Integration and Segregation of Activity in Neocortex-Hippocampus by Slow Oscillations
Center for Molecular and Behavioral Neuroscience
Brain systems communicate by means of neuronal oscillations at multiple temporal and spatial scales. Slow oscillations involve large neocortical areas, alternating between activity (UP) and silence (DOWN) states (Steriade et al, 1993).
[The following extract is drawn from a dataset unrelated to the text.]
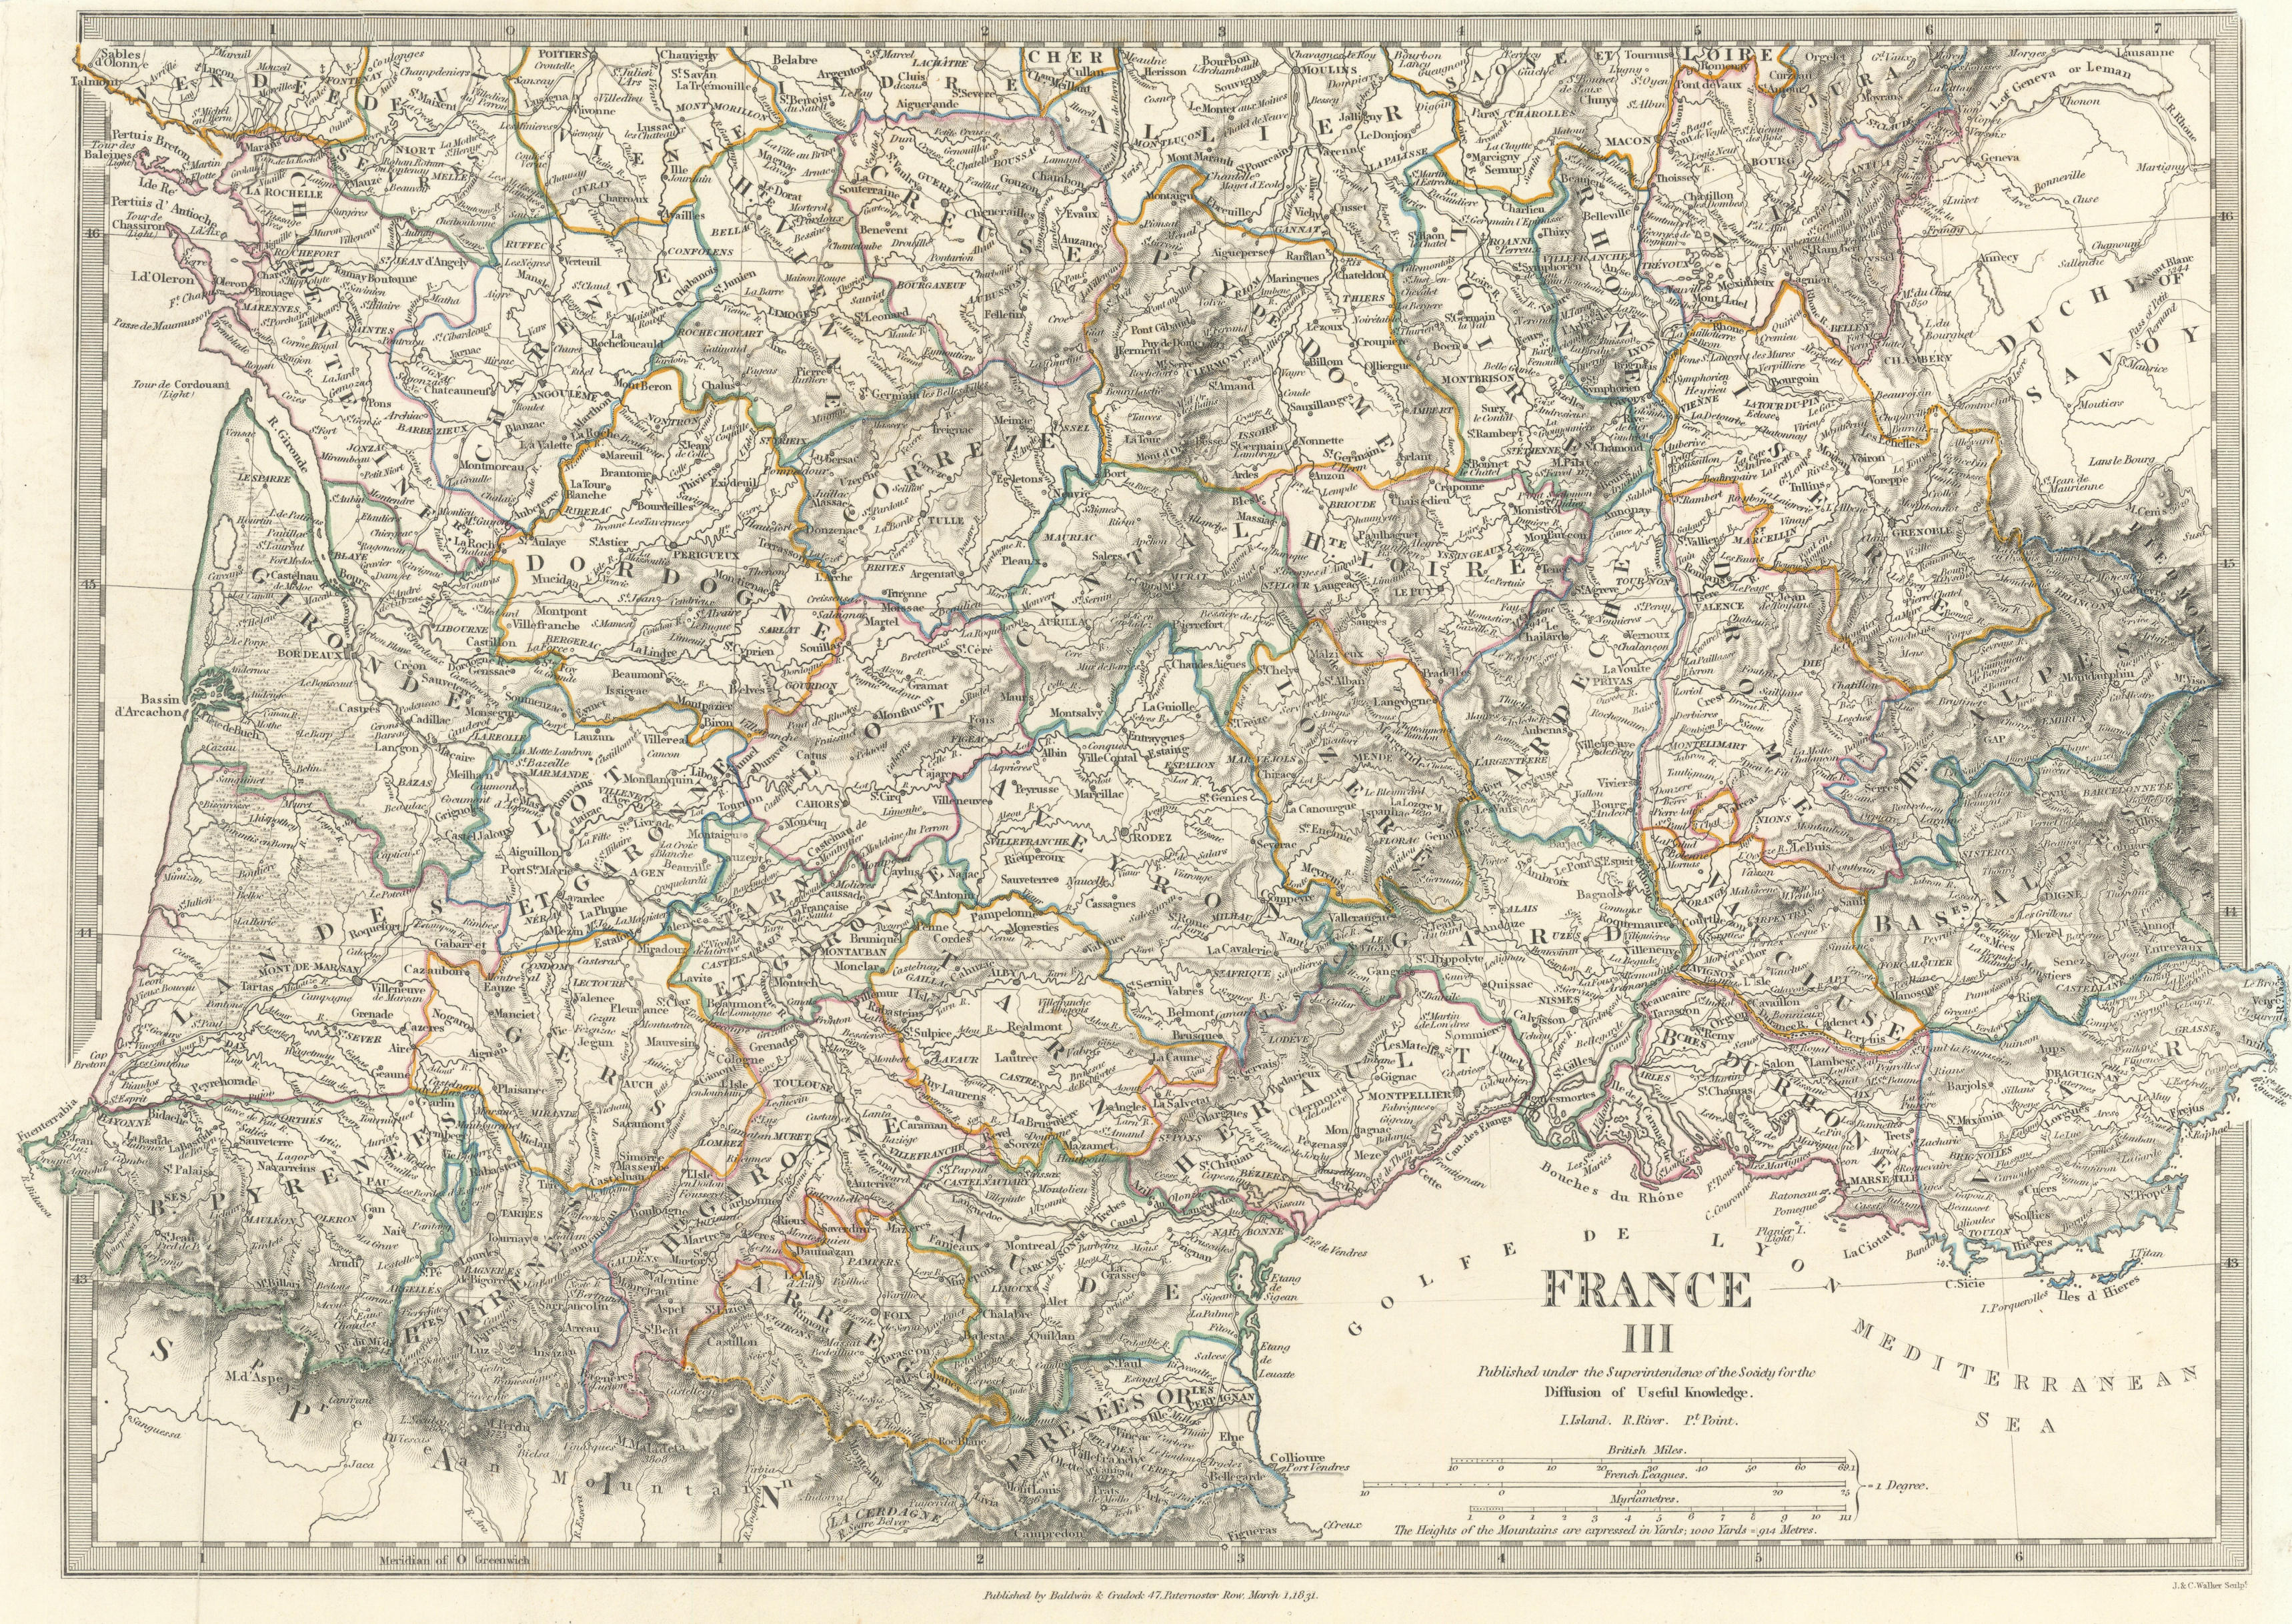 FRANCE STH.Aquitaine Pyrénées Provence Languedoc Rhône Auvergne.SDUK 1844 map
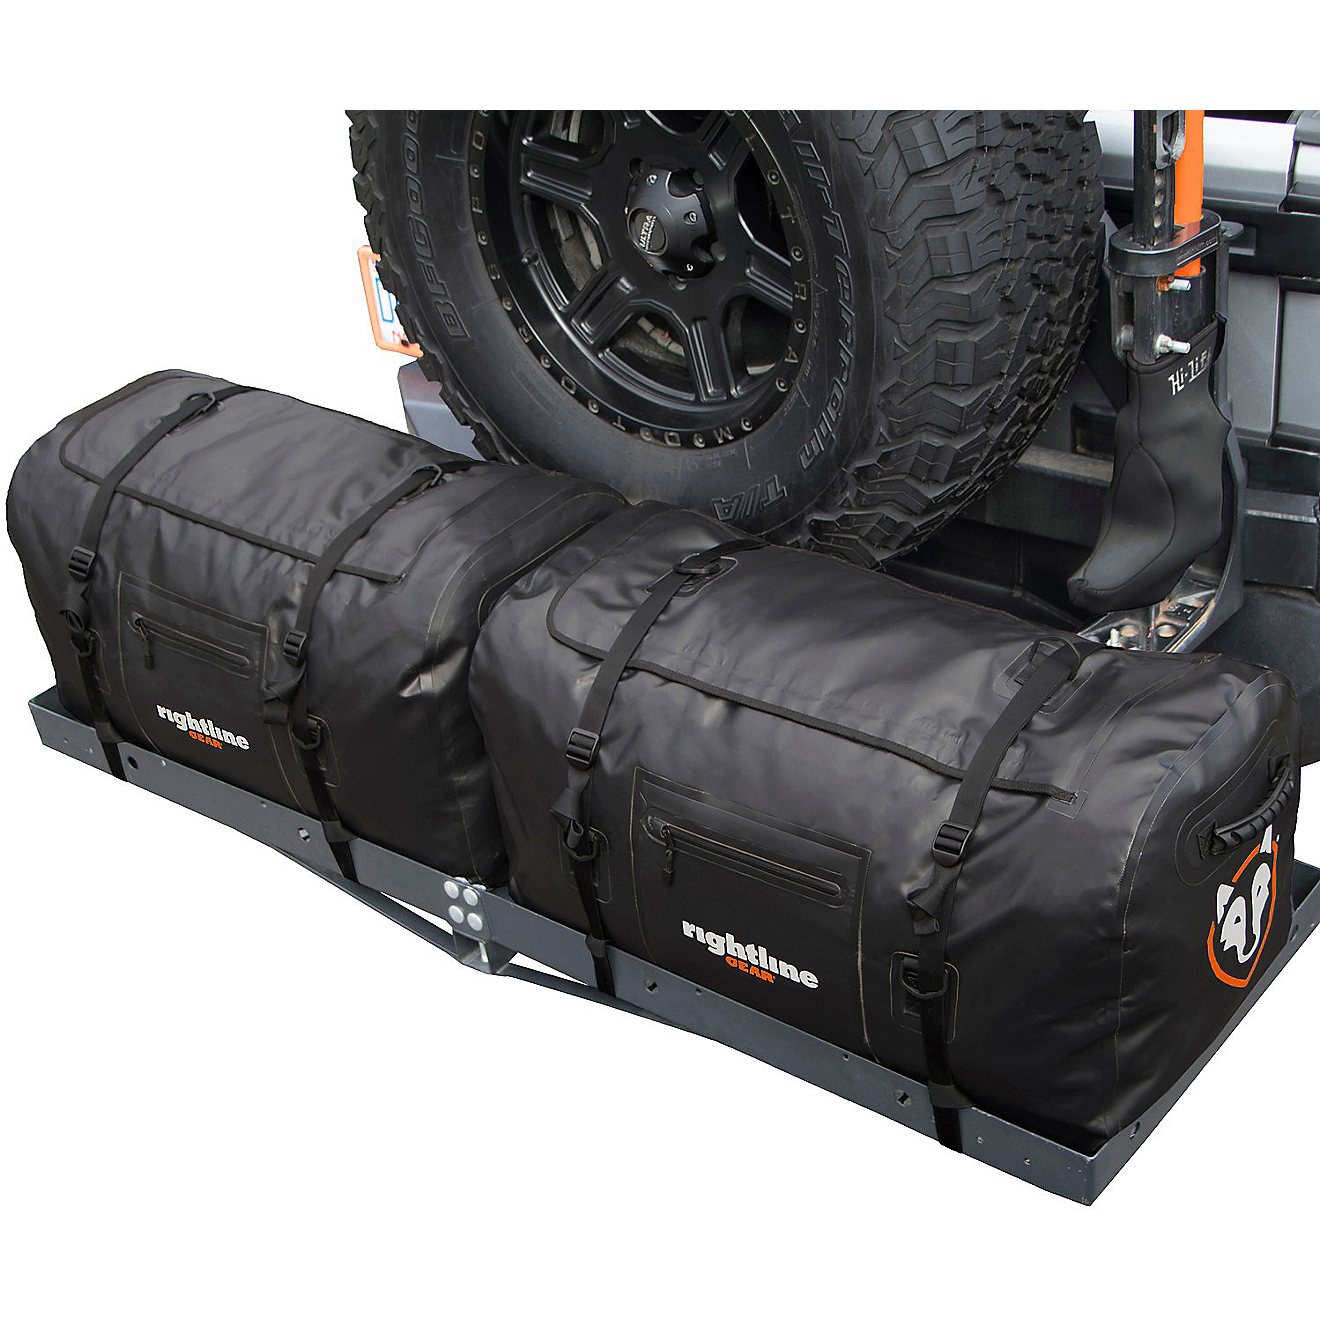 Rightline Gear 120 L 4x4 Duffel Bag                                                                                              - view number 5

During slow wave sleep DOWN states in neocortex are associated with decrease of CA1 unit activity and probability of ripples (Sirota et al, 2003; Battaglia et al, 2004). To explore this phenomenon and its mechanism we recorded intracellular membrane potential in anesthetized rats from neurons in the neocortex, entorhinal cortex (EC), subiculum and hippocampus with simultaneous recordings of the local field potential and units from hippocampal subfields. We find that slow oscillation and associated DOWN-UP states are synchronous between the neocortex, entorhinal and subicular cortices. In contrast, fluctuations of the membrane potential of hippocampal cells showed a unimodal distribution, but were coherent to the neocortical slow oscillation. Analysis of the preferred phases of depolarization, unit firing and local gamma and sharpwaves revealed differential recruitment of hippocampal network by the slow oscillation. Dentate gyrus network was directly driven by the EC during UP state, intrinsic activity in the CA3 network self-organized during the DOWN state, and activity in CA1 was affected by both EC in the UP state and CA3 activity in the DOWN state. Analysis of simultaneous recordings in hippocampus and neocortex and entorhinal cortex in non-anesthetized rats during SWS confirms these findings. Thus, neo/paleocortical and hippocampal networks periodically reset, self-organize and temporally coordinate their local activity within the slow oscillation.